IL-6 tested at < 1.5 pg/ml (ref. < 7.0) and TNF-alpha at < 4.0 pg/ml (ref. < 8.1). Any data from your side?
Specifically for senolytics we should look maybe more at matrix metalloproteinase Mmp12 vs. IL-6 and p16Ink4a. But that is a bit far from the clinic. Please refer to Aubrey de Grey book (Ending Aging, Chapter 10) and also this paper (at least for mice):
"...Nevertheless, the matrix metalloproteinase Mmp12 represents a robust SASP factor that showed consistent age-dependent increases in expression across all tissues analyzed in this study..."
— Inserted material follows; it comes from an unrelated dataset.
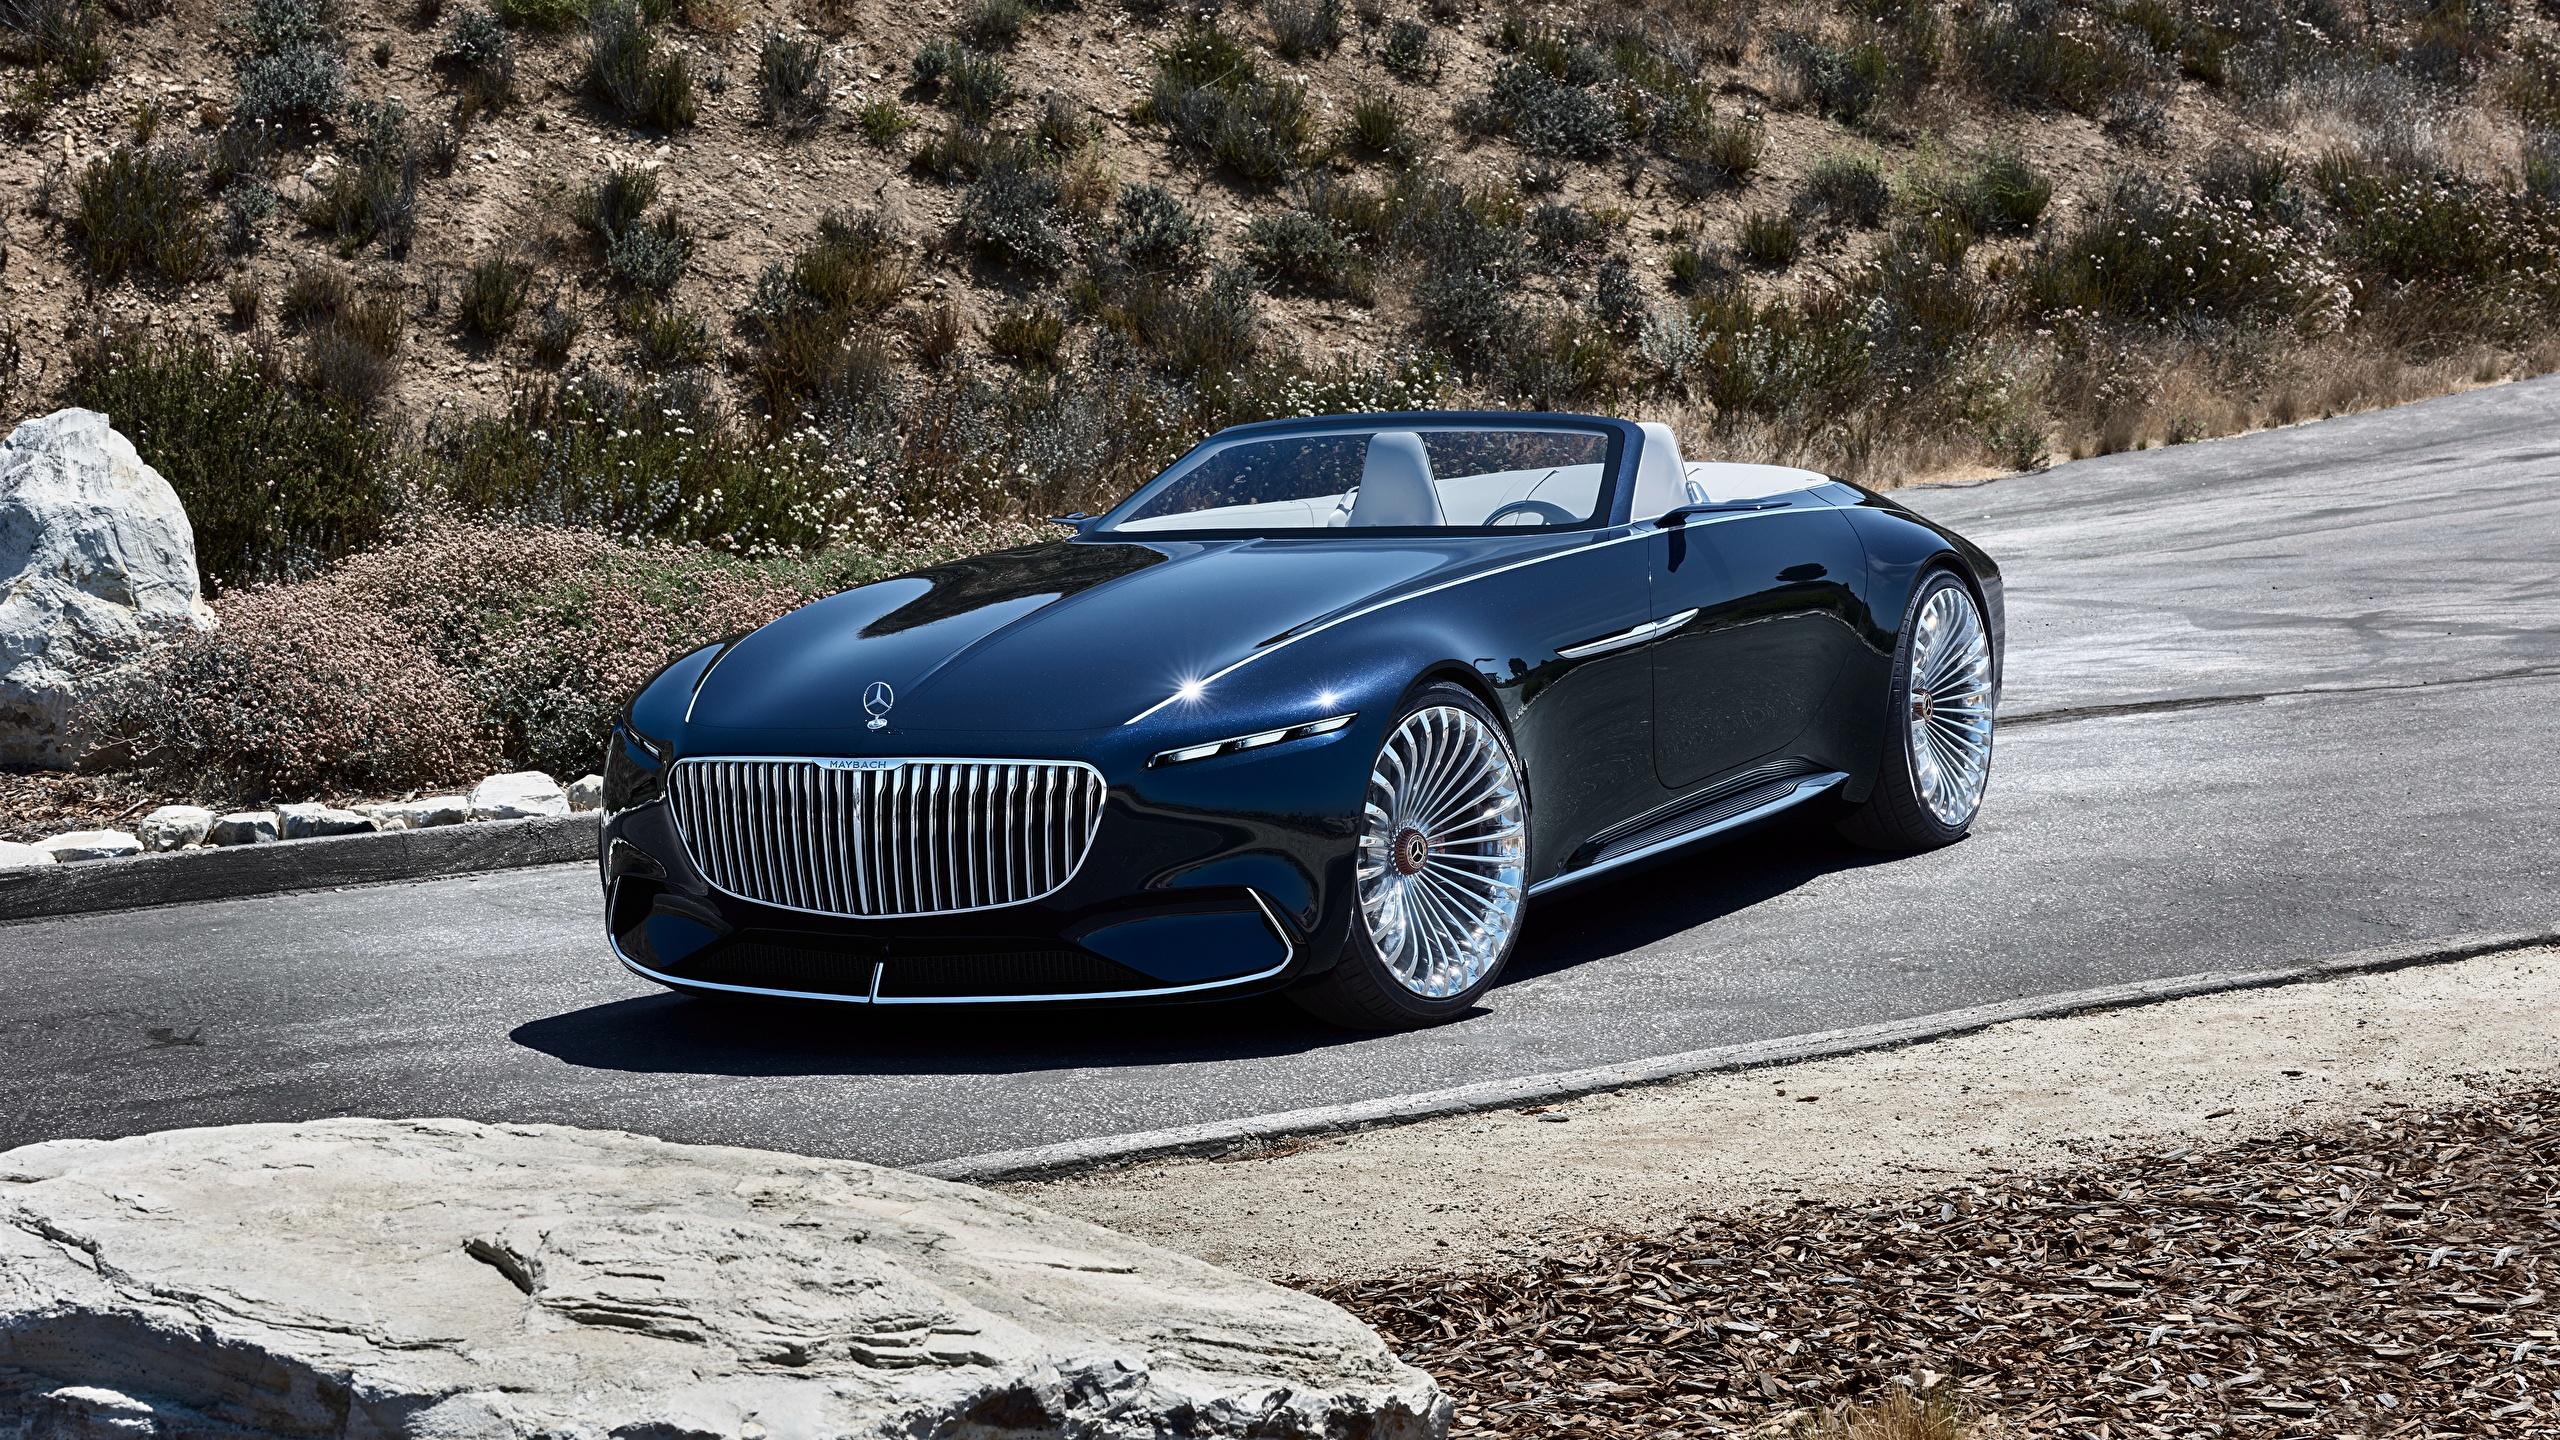 Fondos De Pantalla 2560x1440 Mercedes Benz 2017 Vision

"... In this study, we did not observe significant age-dependent upregulation of the prominent SASP cytokine Il6 in any tissue, although an upward trend was observed that was consistent in magnitude with previous observations in the heart and kidney (Baker et al., 2016). This modest agerelated upward trend could be explained by a previous report which demonstrated that senescent cell-secreted IL-6 acts in an autocrine manner, reinforcing the senescent state, rather than inducing senescence or promoting dysfunction in neighboring cells (Kuilman et al., 2008)..."
"...Thus, utilizing p16Ink4a-expressing cells as a biomarker of tissue aging and a target of senolytic therapies could prove to be an effective strategy in the future treatment of age-related diseases in humans..."
Hudgins AD, Tazearslan C, Tare A, Zhu Y, Huffman D, Suh Y. Age- and Tissue-Specific Expression of Senescence Biomarkers in Mice. Front Genet. 2018;9:59.